_Exercise details:_ Only the lines from the one with "Regional Overview Based" to the end of the listing below should be set down, exactly as written and without any pictures.

=== The data ===

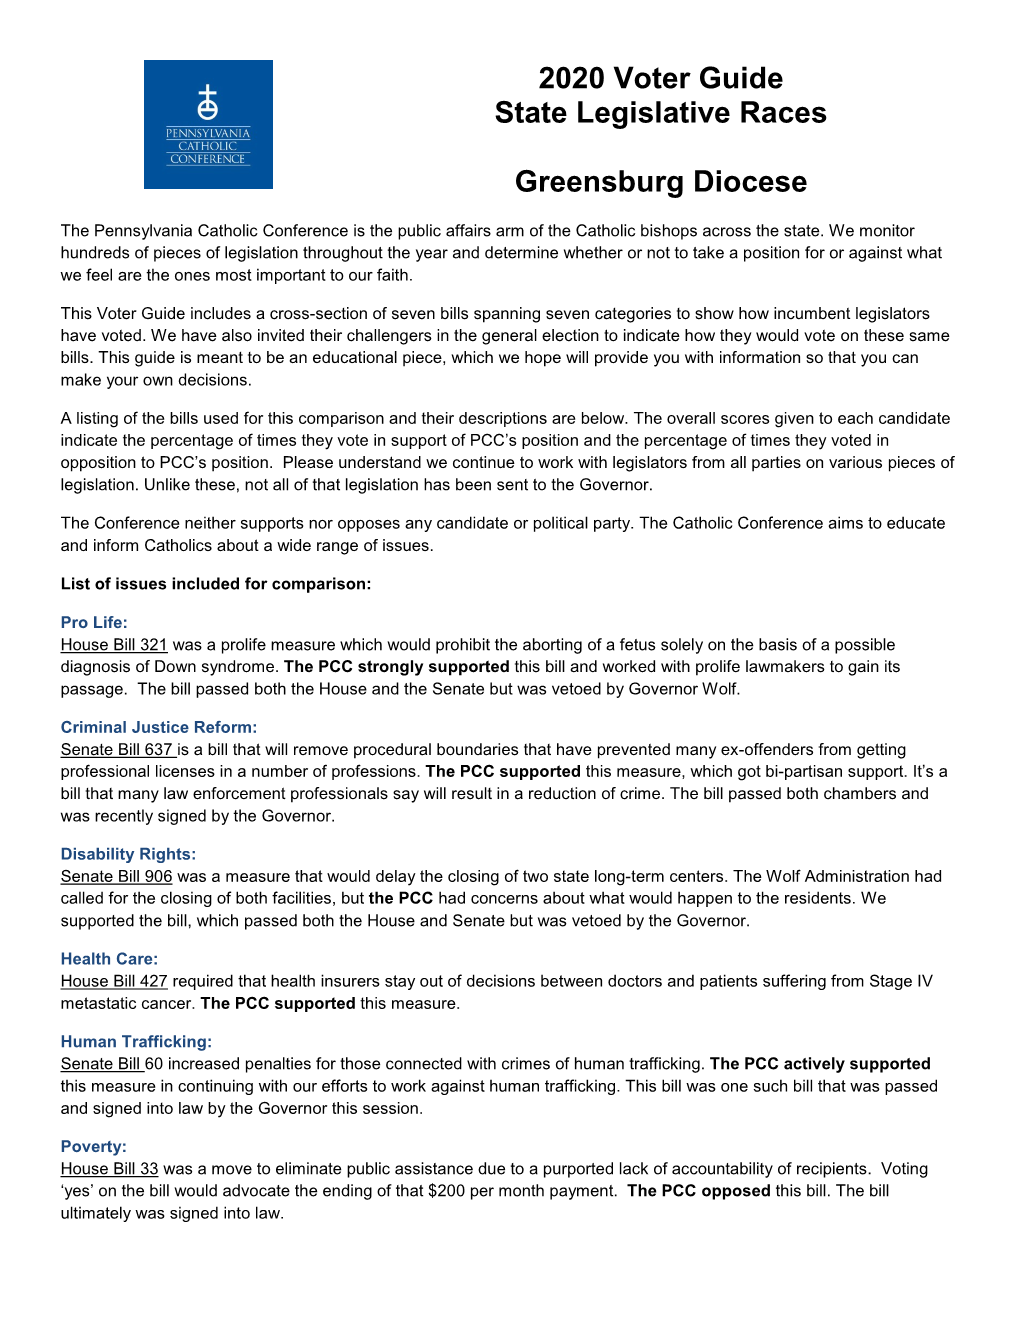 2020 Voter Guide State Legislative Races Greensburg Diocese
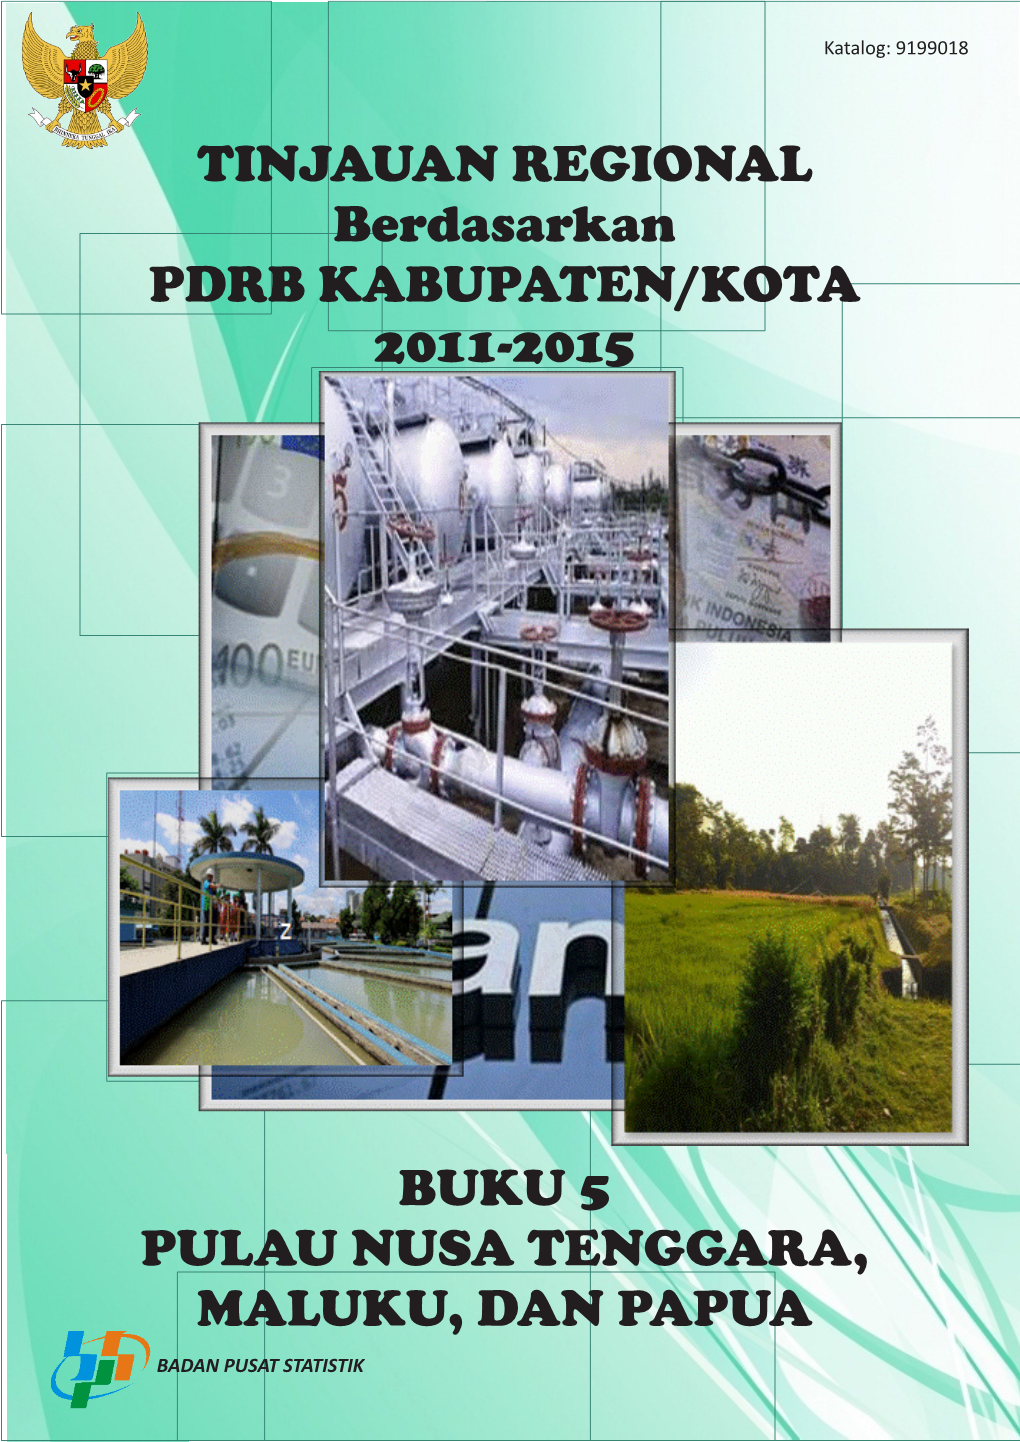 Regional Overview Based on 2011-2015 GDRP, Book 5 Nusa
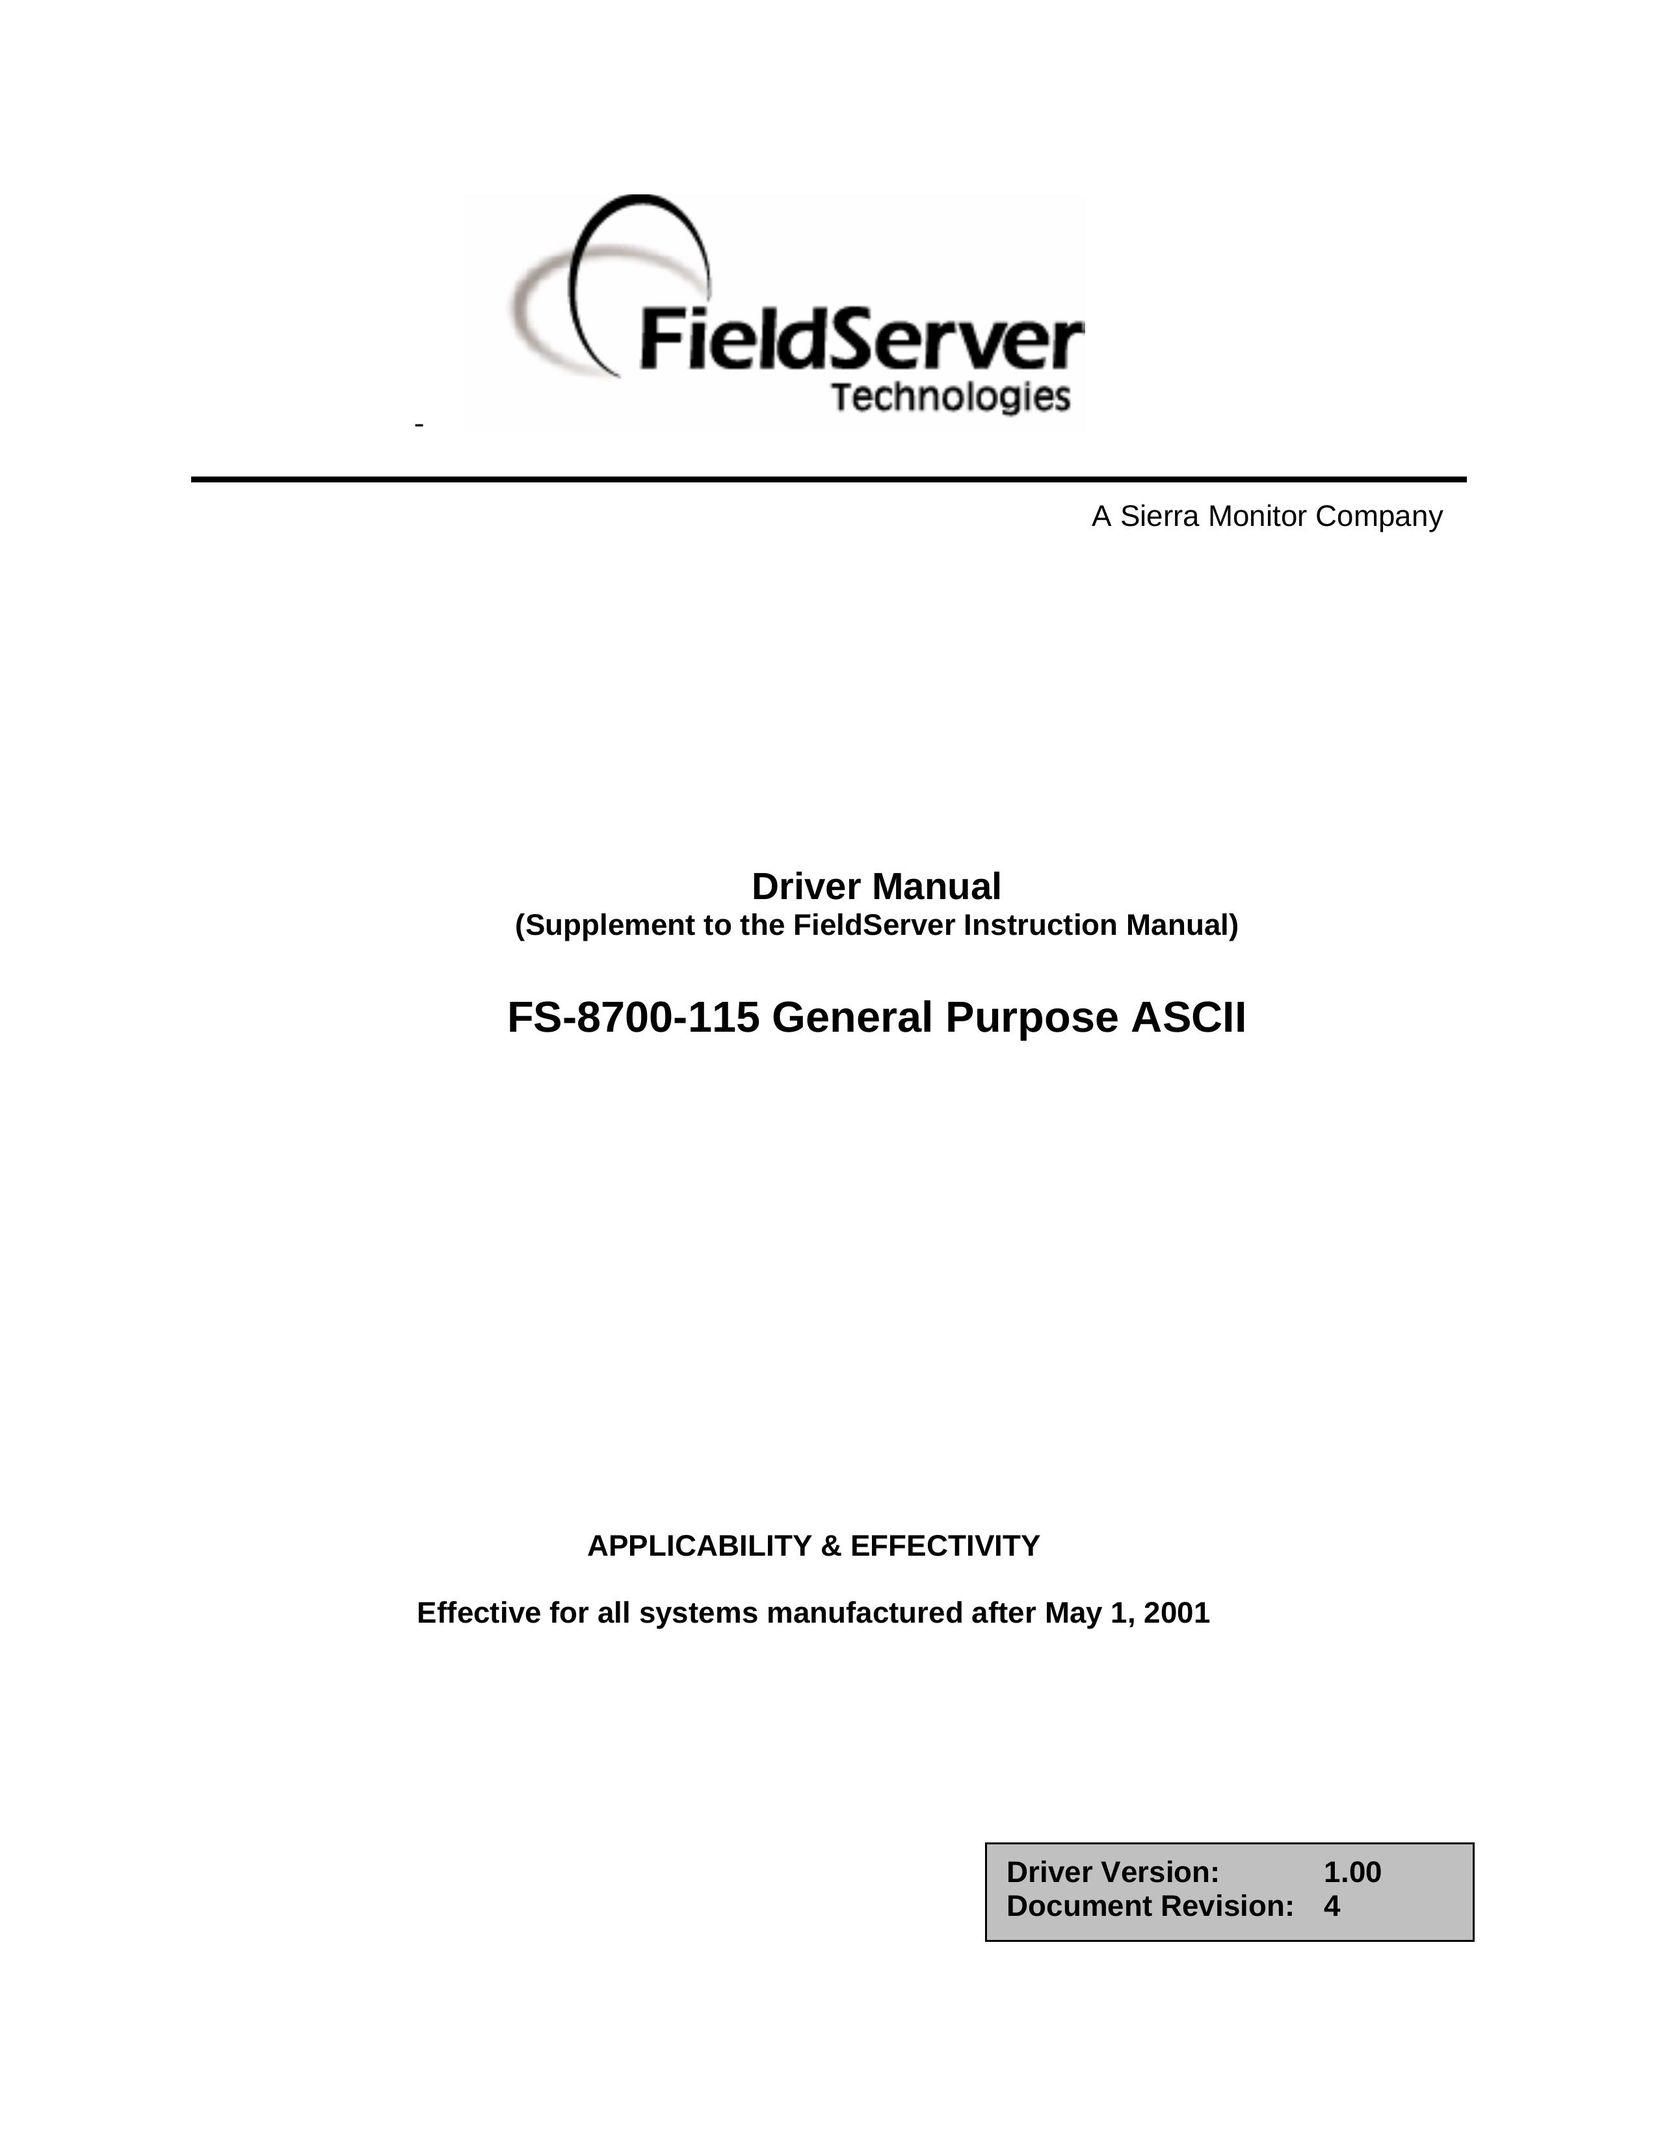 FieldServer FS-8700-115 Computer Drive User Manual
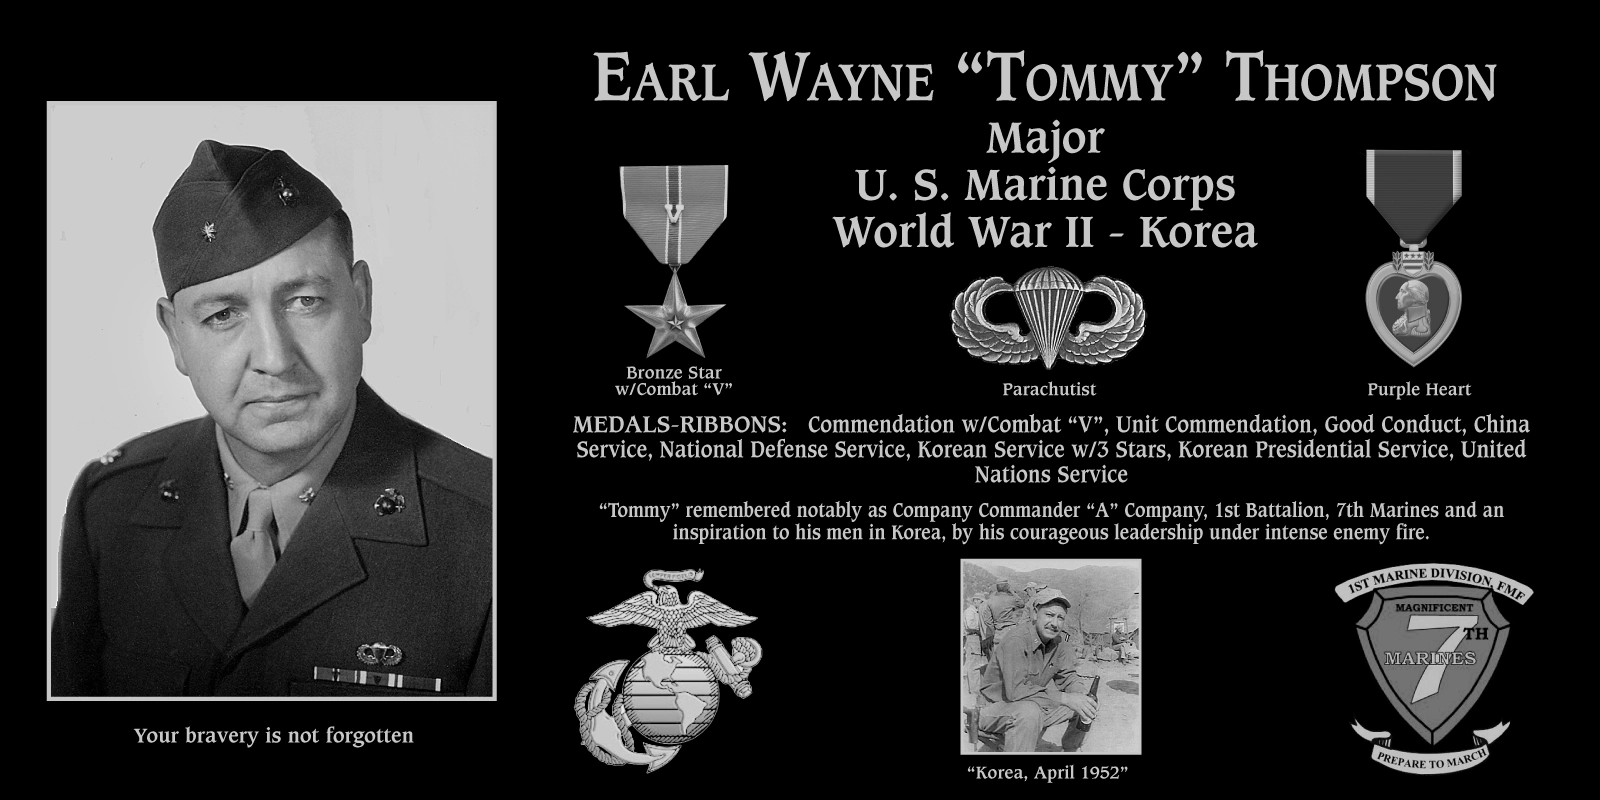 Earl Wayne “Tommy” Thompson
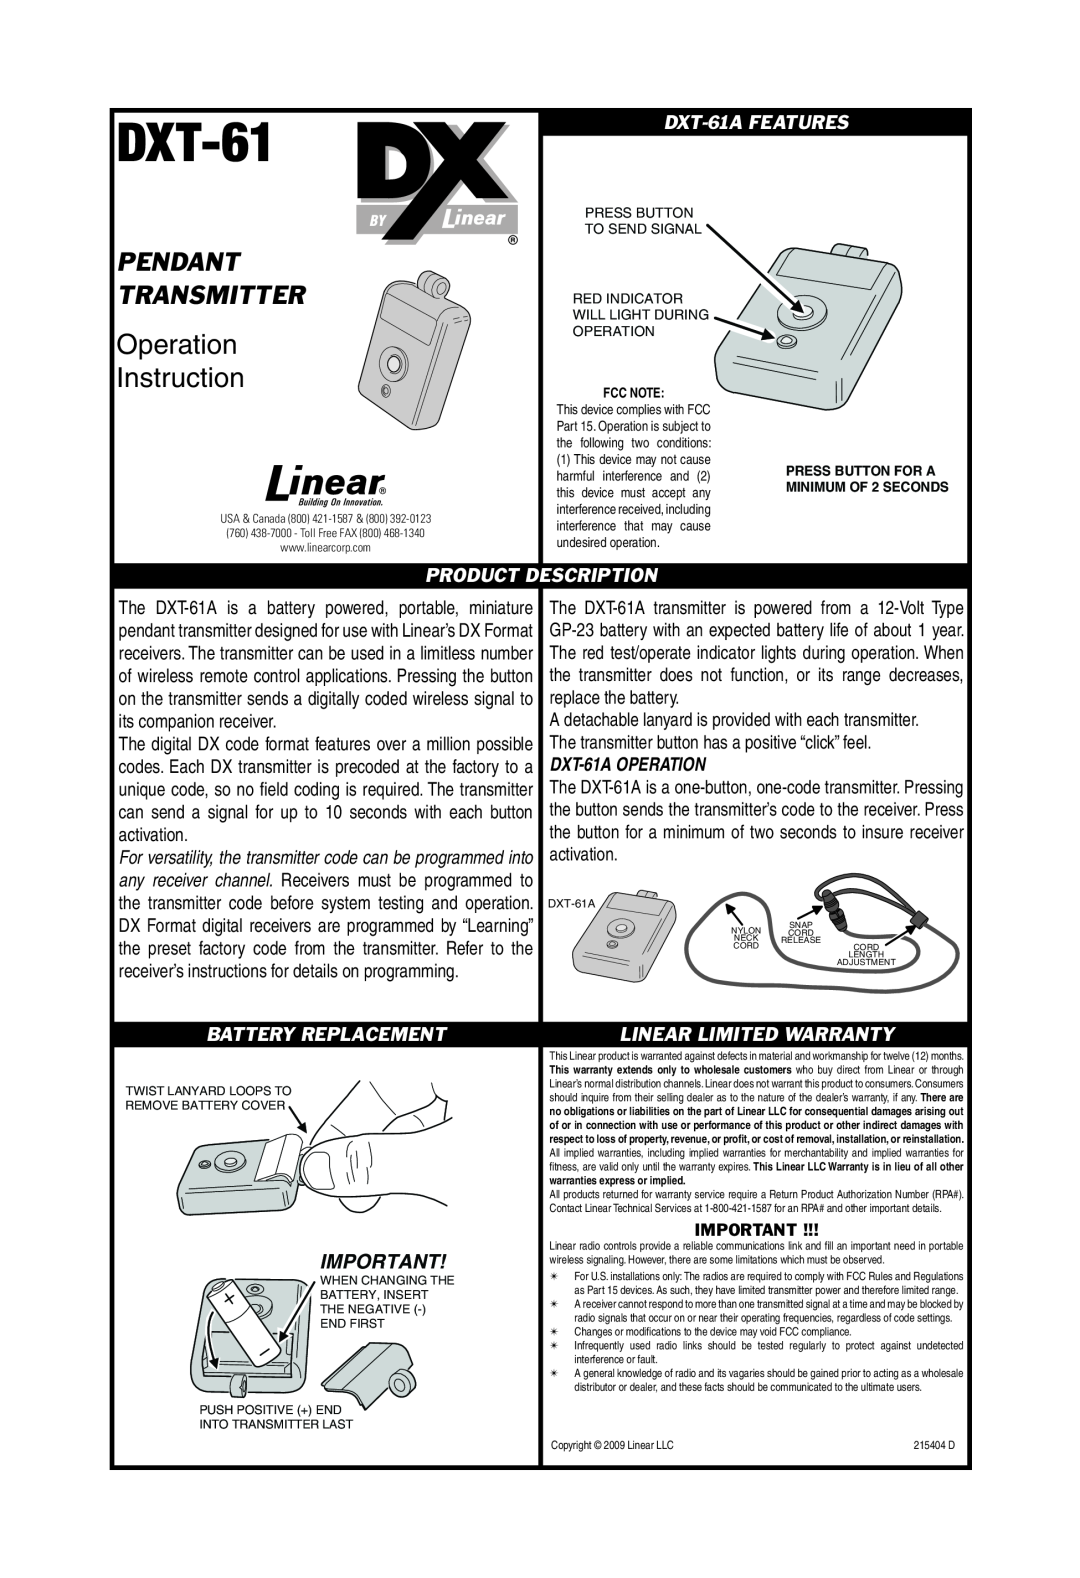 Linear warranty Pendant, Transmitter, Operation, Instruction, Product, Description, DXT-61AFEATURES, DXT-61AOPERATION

===

_Reply to the exercise:_
 Regional Overview Based on 2011-2015 GDRP, Book 5 Nusa
 FieldServer FS-8700-115 Computer Drive User Manual
 Earl Wayne “Tommy” Thompson
 Linear warranty Pendant, Transmitter, Operation, Instruction, Product, Description, DXT-61AFEATURES, DXT-61AOPERATION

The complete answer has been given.